Sunday afternoon. Heading back home after spending good time with myself. Cell phone starts ringing. Its from Office!
<Flashback> I remembered reading a text message early in the morning that there was a High Severity incident involving the DBA team, but all was well with the databases.</Flashback>
The DBA on the other side of the call said that the incident was still not resolved and only one application was having connectivity issues to the database. The instance hosts multiple instances and close to 270 databases. Only one application was not able to connect to the database server. Over the phone I asked my team to check the following and everything was fine.
- Database status – ONLINE
- Did the application id had privileges? – Yes, DBO on the database
- Did SQL Server port change? – No, it was running on the listening on the correct port
- Did Error Log had any suspicious entries – No
- Does telnet from App Server to DB Server work? – Yes
- Is App Team able to connect to instance using Client Tools? – They cannot test it because the App server does not have Client Tools installed.

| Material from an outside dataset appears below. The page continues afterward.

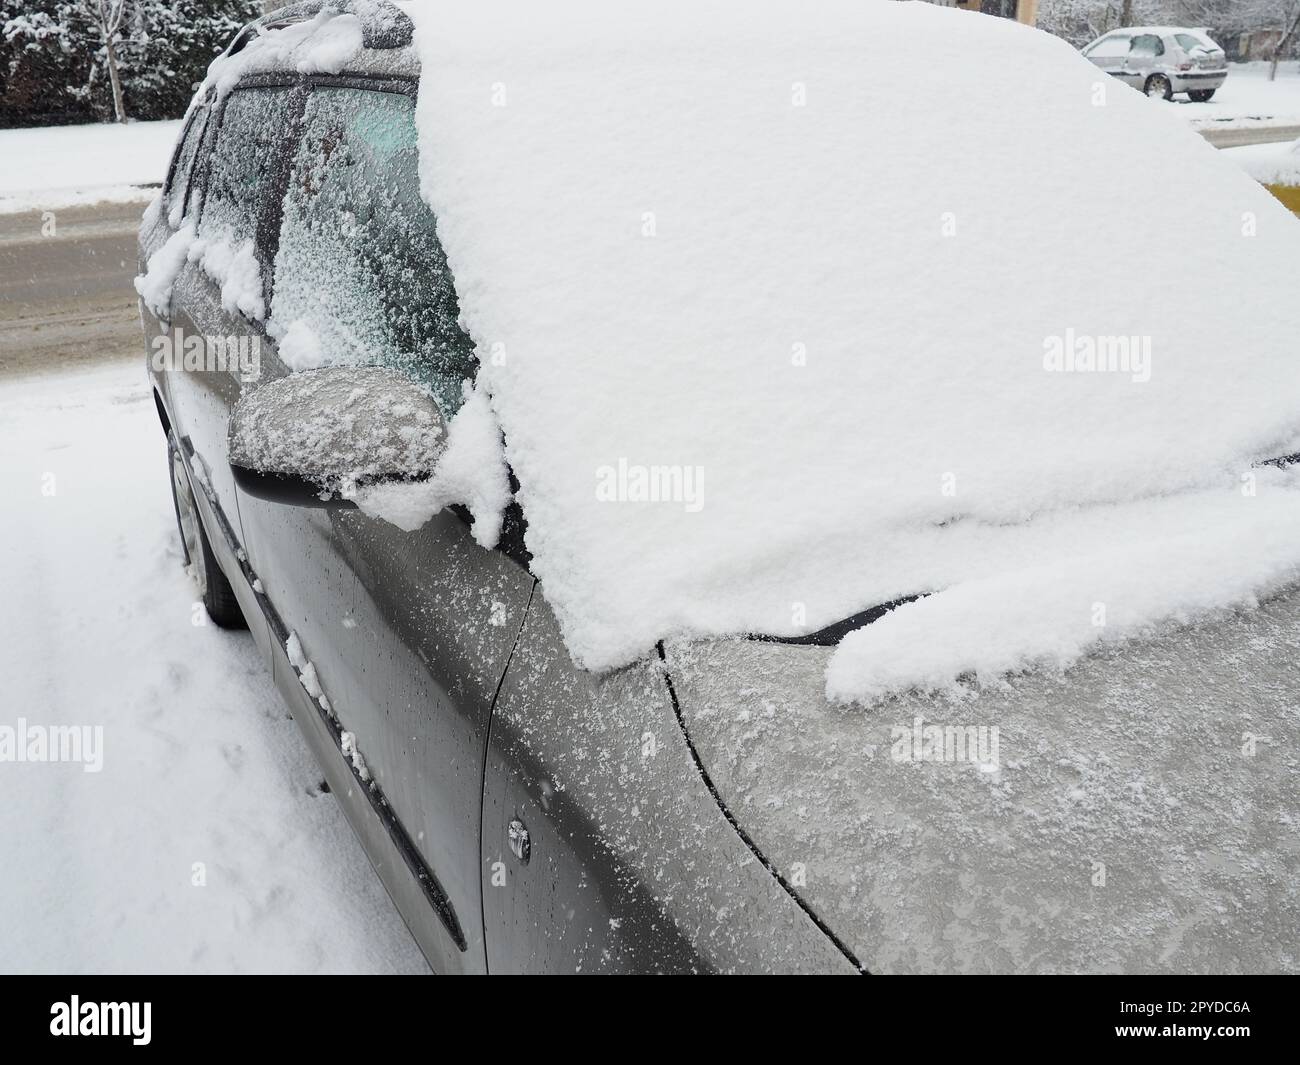 Schnee und Eis auf der Windschutzscheibe, den Rückspiegeln des Fahrzeugs. Winterliche Fahrbedingungen. Schneeräumen. Strassenverkehr im Winter. Metallic-Auto. Schneewehen und Matsch. Stockfoto

- Was the application service restarted after the server rebooted? – Yes. Despite that the application is unable to connect.
By the time the DBA did these checks, I had reached home. Again got a call that all the stakeholders are waiting for a fix from the DBA Team. I am now used to this behavior of the other support team in our environment. The moment someone whispers that it is a Database issue, every other team stops troubleshooting the issue from their end. Since the ball was in our court now, I logged on to the server to have a feel of the issue.
Everything was absolutely fine from the instance/database perspective. The Application connects to the instance using a particular windows id. This time it was not able to connect. When asked for the error messages with which the application was failing to connect, the support team gave a “custom” error message that the application generates. One more interesting thing was when the application could not connect, there was no message recorded in SQL Server Error Log. Usually when a login fails to connect, there will be a corresponding error logged in the Error Log. The absence of it clearly means that the Application ID is not even touching the instance.
Since telnet was working fine from App server to Database server, the connectivity issue was ruled out.
Now I had to look outside SQL Server to figure out the root cause. I opened Active Directory Users and Computers console (dsa.msc) and searched for the Application ID. Opened the properties of it and I could find the monster hidden behing the gray check box.
Wow! The Application ID was disabled in the Active Directory and you want it to connect to SQL Server? The DBA did not waste any time in announcing this on the Bridge and all the supporting teams woke up from sleep and started running around to enable the Windows Login. Most likely the Application Team had approved a Change Control to disable a Domain User and something got messed up somewhere. The post-mortem will be done later. For now they enabled the Domain Login and there it was connecting to the database!
I wish the System Administrators had spent one minute in checking the Domain Login, it would have saved hours for everyone involved in this incident.